▶ **WHAT TO DO**
Copy out the lines beginning at the one with "Aufbau: 5 Aufzüge/Akte" and ending at the last line of the data, both included; pictures stay out.

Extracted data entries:
........

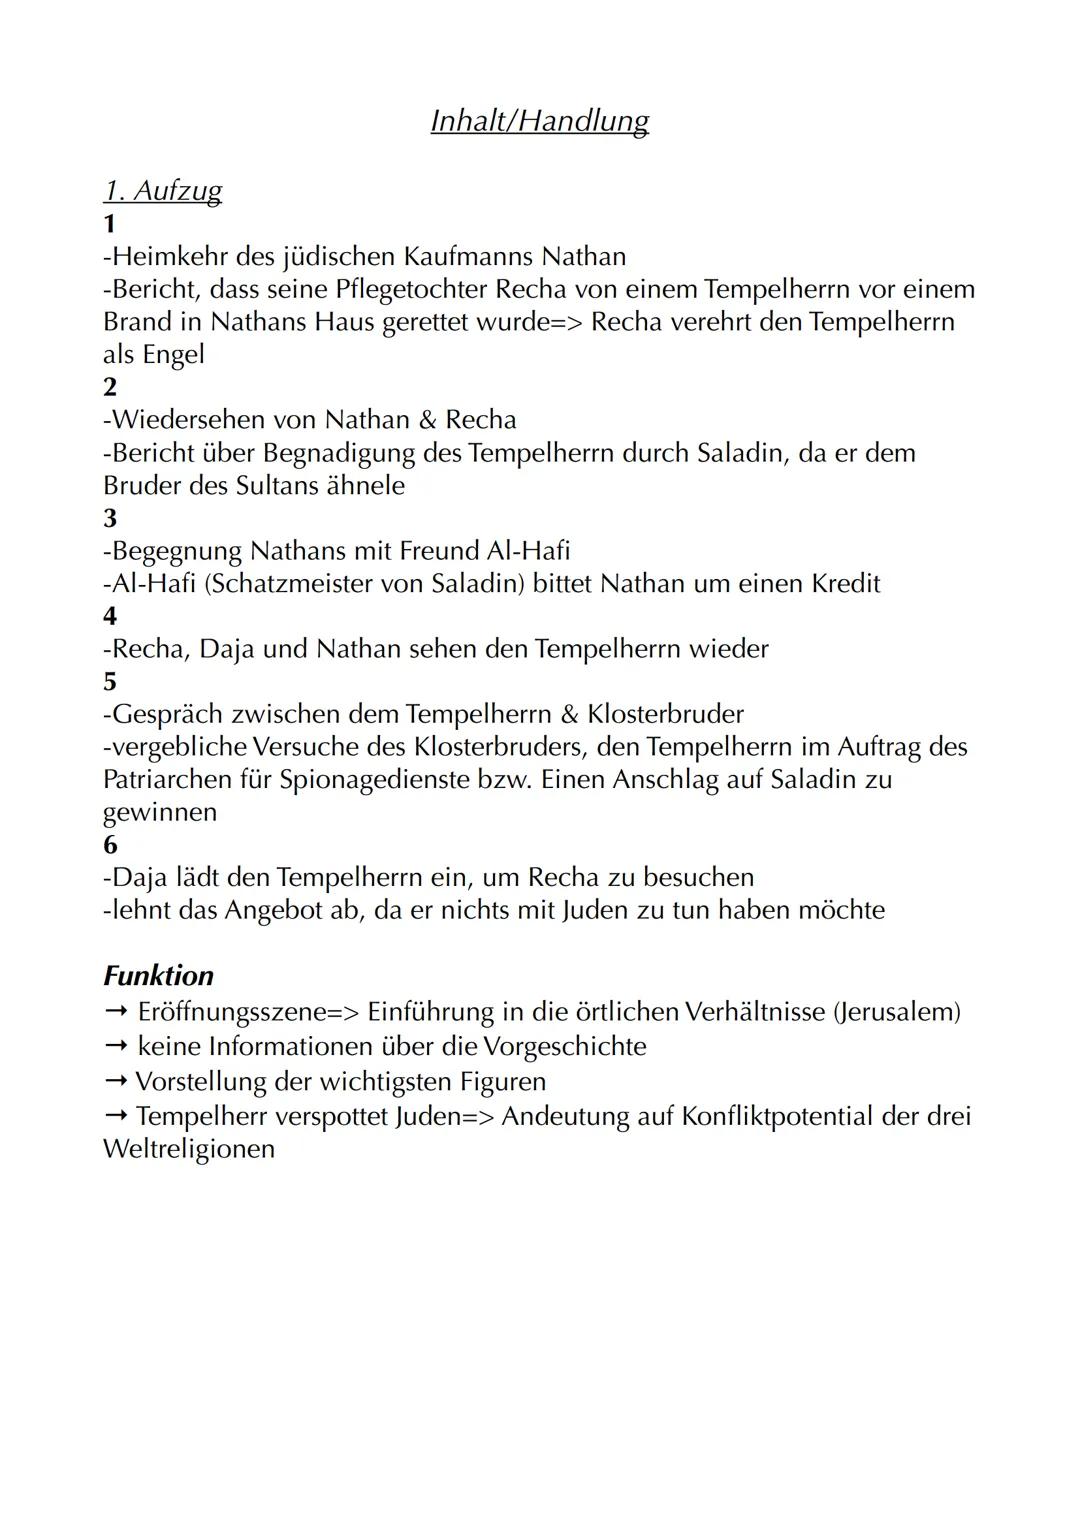 Nathan der Weise
Autor: Gotthold Ephraim Lessing
Jahr: 1779
Textsorte: Dramatisches Gedicht
Aufbau: 5 Aufzüge/Akte mit jeweiligen Auftritten
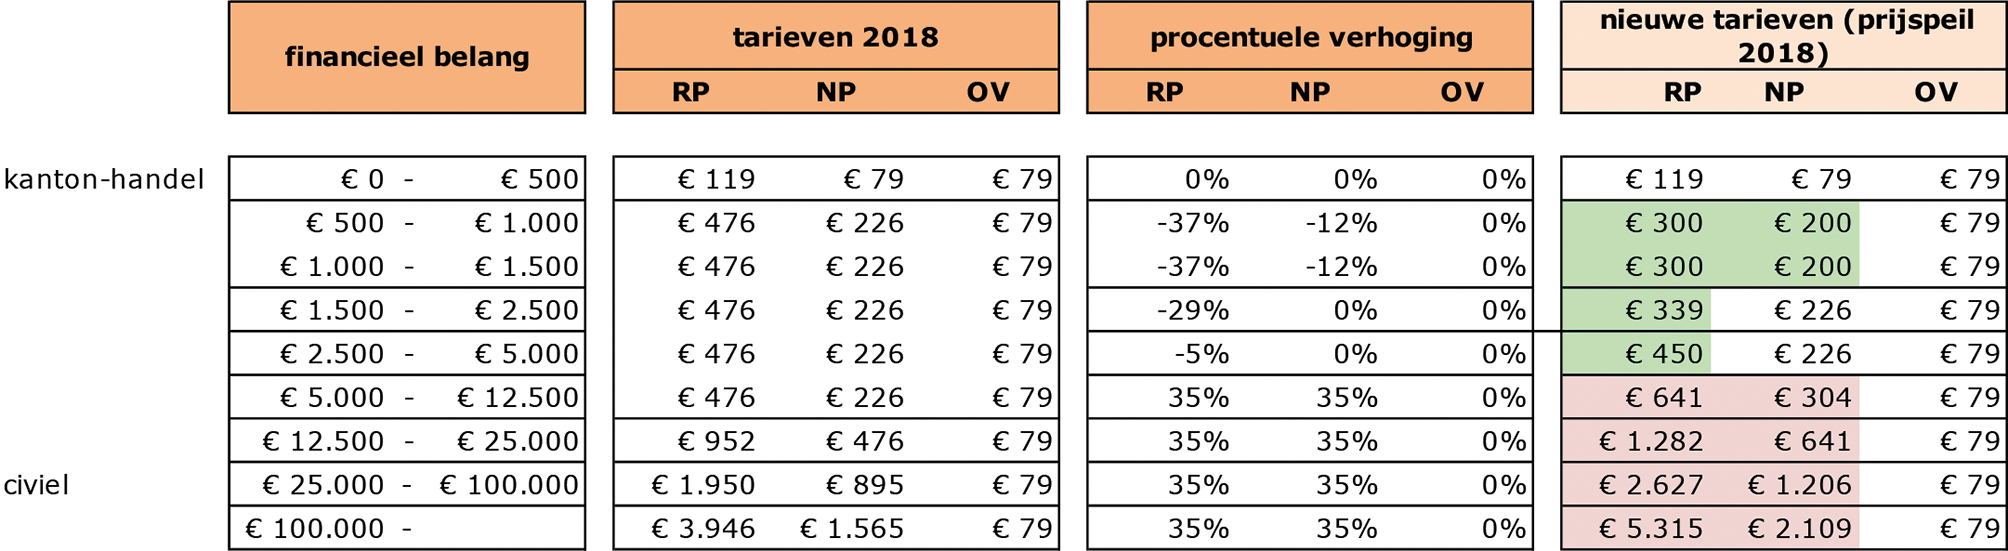 Variant II. Toegevoegd ten opzichte van variant I: twee extra categorieën (€ 1.500 – € 2.500 en € 2.500 – € 5.000) en tarief RP en NP dichter bij elkaar (tot € 5.000)

........

▶ **SOLUTION**
Aufbau: 5 Aufzüge/Akte mit jeweiligen Auftritten
 Variant II. Toegevoegd ten opzichte van variant I: twee extra categorieën (€ 1.500 – € 2.500 en € 2.500 – € 5.000) en tarief RP en NP dichter bij elkaar (tot € 5.000)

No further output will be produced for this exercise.